The bonding would limited to the state’s two investor-owned utilities, Xcel Energy and Black Hills Energy.

Colorado has seen a string of coal plant retirements. Xcel Energy, the state’s largest electricity provider, shut 900 megawatts of plants under the Clean Air-Clean Jobs Act. The Tri-State Generation and Transmission Association, a wholesaler serving rural cooperatives, agreed in September to shutter 527 megawatts of units in western Colorado.

The key to the bonding mechanism is the spread between the utility’s cost of capital and the lower interest rates of the securitized bonds, plus the improvement in operating costs as older, more costly generation is replaced with newer and cheaper generation.

An analysis of how the bonding and impact fund would work was developed by Uday Varadarajan, a principal in the energy finance program at the Climate Policy Initiative, a non-profit think tank.

“For an asset retired 20 years before its scheduled retirement date, our analysis suggests that for every $100 million in unrecovered costs securitized, ratepayers can save roughly $50-$57 million . . . relative to business as usual (i.e. return on and of capital to the utility for the $100 million over the remaining 20 year life),” Varadarajan wrote in an email.

As for the development of the impact find, which would equal 15 percent of the bond proceeds, Varadarajan said, “The savings used to calculate the 15 percent for an investor-owned utility using securitization come from reduced capital costs associated with financing unrecovered balances using low cost debt financing through securitization at roughly 3 percent versus utility financing at a pre-tax effective financing cost closer to 11 percent. For the example of $100 million in unrecovered costs, securitization would result in savings of $57 million, 15 percent of which would be $8.5 million. This can then be added to the amount securitized, resulting in a $108.5 million bond offering. This still provides $50 million in ratepayer savings, but $8. 5 million of the bond proceeds are available to mitigate impacts of plant closure.”

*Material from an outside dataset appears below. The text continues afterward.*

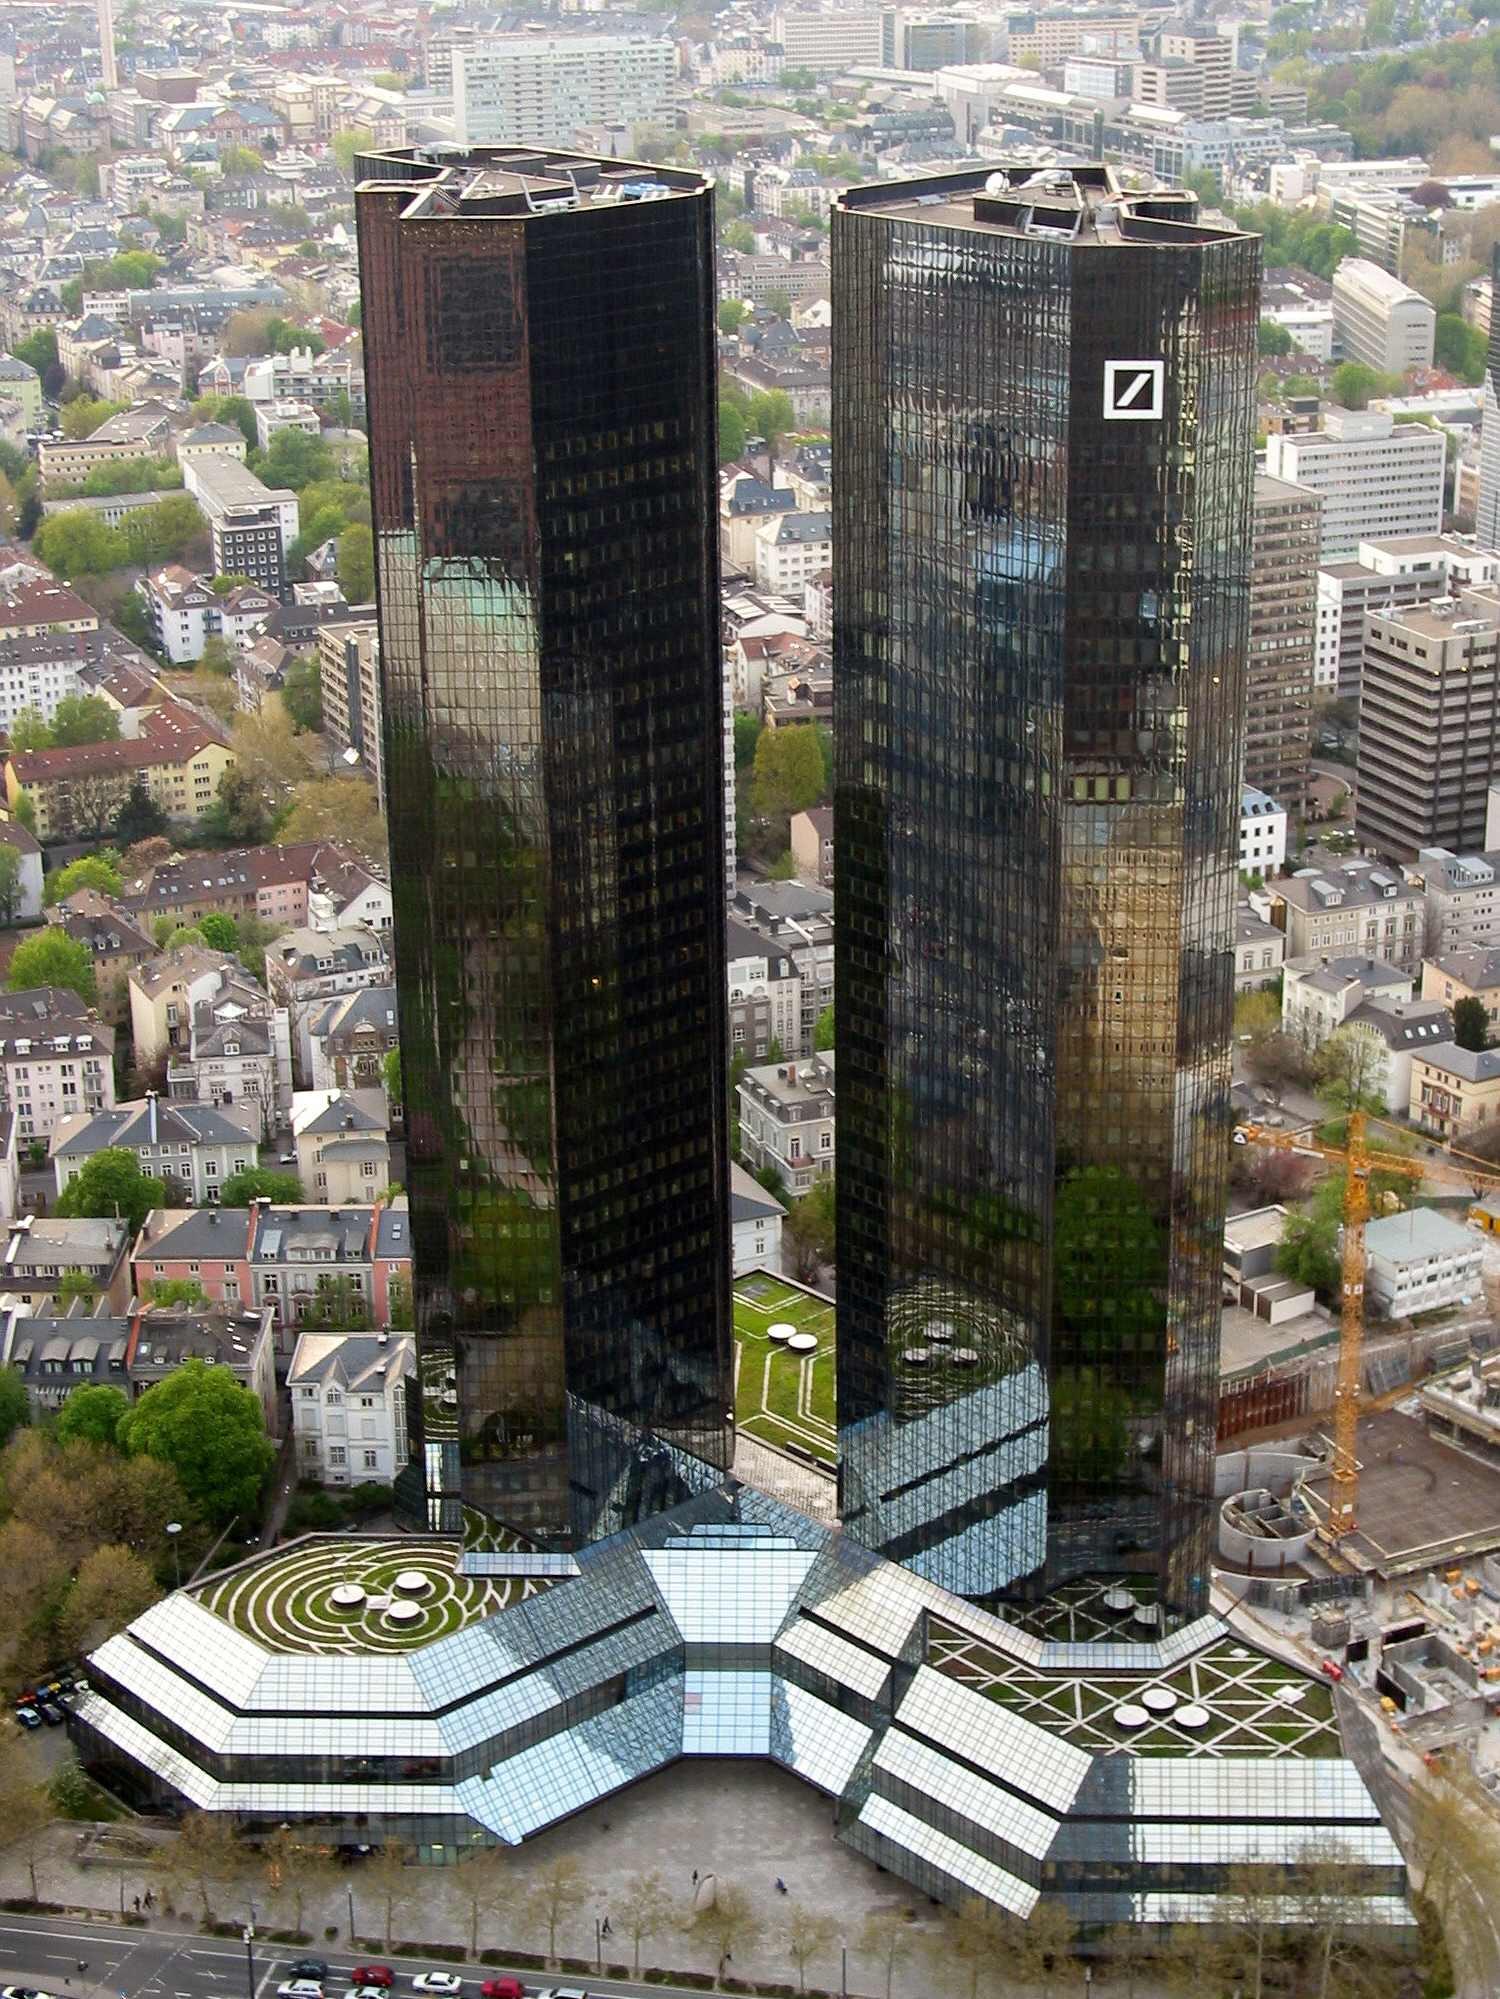 Deutsche Bank FOREX Forex Broker, Deutsche Bank FOREX Review, Deutsche Bank FOREX Information

Hansen said there are also operating savings to be gained from older, more expensive plants being replaced with cheaper alternatives.

“Older units can cost $50 a megawatt-hour, with the expense of fuel and higher maintenance costs,” he said. “Wind, solar and gas are around $35 a megawatt-hour. It is a different cost structure . . . a tremendous saving for Colorado.”

The bill was reported out of committee April 26 on an 8-to-5 vote, with Republican members of the House Transportation Committee expressing skepticism over the bill.

It was supported by the International Brotherhood of Electrical Workers, which represents workers at power plants in Colorado. The Colorado Mining Association opposed the legislation. “The bill will incentivize the retirement of coal plants,” said Dianna Orf, a spokeswoman for the association. Neither Xcel Energy nor Black Hills Energy testified. The utilities indicated that they were neutral on the bill, Hansen said.

The bill is up for consideration by the full, Democratic-controlled House. If it passes, it would go to the Republican-controlled Senate. “This could be challenging in the Senate,” Hansen said.

More of a hurdle may be the fact that time is running out as the legislature is set to adjourn on May 10. Hansen said he is ready to file the bill next session if need be.

And Varadarajan said that it is worth the effort. “The approach being pursued in Colorado could be a template for how to mitigate the impacts of power plant retirement in states across the country.”